|
Discussion Forums
|
Thread: Location of instances
 |
This question is answered.
Helpful answers available: 1.
Correct answers available: 1.
|
|
|
|
Replies:
8
-
Pages:
1
-
Last Post:
Nov 8, 2006 11:34 AM
by: Douglass R. Cut...
|
|
|
Posts:
3
Registered:
8/30/06
|
|
|
|
Location of instances
Posted:
Aug 30, 2006 4:41 PM PDT
|
|
|
I have a couple of questions:
1) Is there any way to guarantee that two instances are not running on the same physical server? I can set up replication/failover between two instances, but if they are running on the same box, I haven't really gained anything. This is only useful if it is a hard guarantee, and I would ideally like to be able to specify that two instances don't even run in the same datacenter.
2) Is it possible to make sure that two instances are on the same switch? If I want to set up high-bandwidth, low latency communication between them, then I need to be sure that it's not going over a slow or congested link. (If everyone is designing large-scale distributed apps without any regard for network topology, I imagine the interconnects will bog down pretty quickly.)
Thx,
Ben
|
|
Posts:
69
Registered:
3/16/06
|
|
|
|
Re: Location of instances
Posted:
Aug 30, 2006 5:03 PM PDT
in response to: Ben Strong
|
|
|
I haven't checked the docs - but, is there even an assumption of different data centers being available? Especially since "internal" traffic is free, would it still be if your instances were in different data centers?
I'd actually like to add to this, though - requesting geographic locality would be of great benefit. EC2 could be useful to services like VoIP, but, with such services, latency kills. Being able to provision a server in a geographically advantaged location would be powerful - especially in response to demand increasing in a geographic location. Hopefully, this is something that can be added to the feature map in a future release.
|
|
Posts:
581
Registered:
6/22/06
|
|
|
|
Re: Location of instances
Posted:
Aug 30, 2006 11:20 PM PDT
in response to: Ben Strong
|
 |
Helpful |
|
|
We are paying close attention to control over locality of instances, and please let us know in detail what your applications require in this regard.

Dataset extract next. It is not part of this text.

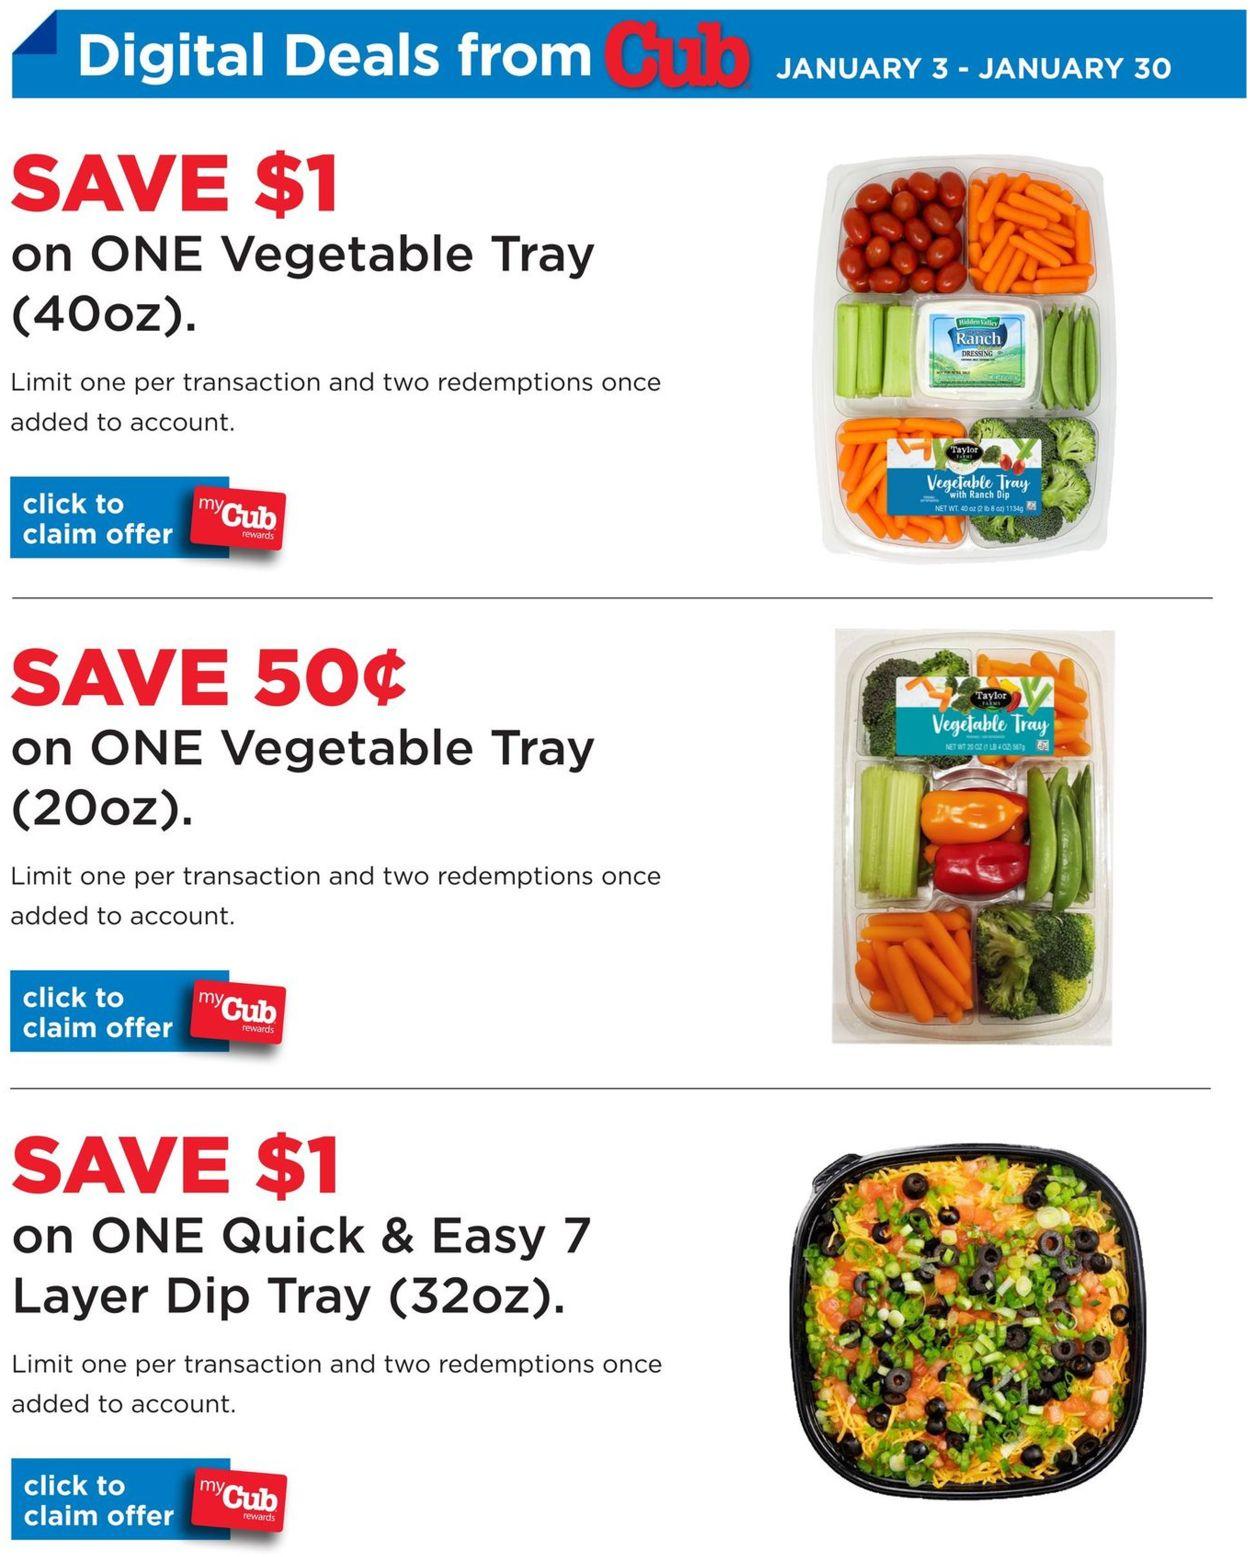 Cub Foods Digital Deals 2021 Weekly Ad Circular - valid 01/03-01/30/2021

We currently have a placement algorithm that works as follows:
1. We will try to launch all of the instances of a single launch request in a single datacentre.
2. We will try to split your instances across at least two racks (for rack-level redundancy).

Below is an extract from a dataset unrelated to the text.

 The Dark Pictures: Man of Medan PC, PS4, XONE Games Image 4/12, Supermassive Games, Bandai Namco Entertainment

3. We will try not to place multiple instances on the same host machine.
As you mention, this is not ideal for all applications.
|
|
Posts:
3
Registered:
8/30/06
|
|
|
|
Re: Location of instances
Posted:
Aug 31, 2006 11:53 AM PDT
in response to: RolandPJ@AWS
|
|
|
Thanks for the response, Roland.
My main concern is that "We will try not to place multiple instances on the same host machine." is not a strong enough guarantee given that you don't persist local storge and the best practices guidelines state "You should use a replication strategy across multiple instances to keep your data safe". If there is any possibility that multiple instances might be running on the same machine, then replication is not going to guarantee persistence or availability. If this is in fact the case, then it seems like a pretty major problem and deserves to be called out in the docs (please correct me if I'm misinterpretting anything here).
To state that as a requirement, I would say that I need to be able to define a replication group that guarantees (no "we will try" here) that no two instances will run on the same machine. Being able to specifiy that certain instances are in different racks or datacenters would be nice-to-haves.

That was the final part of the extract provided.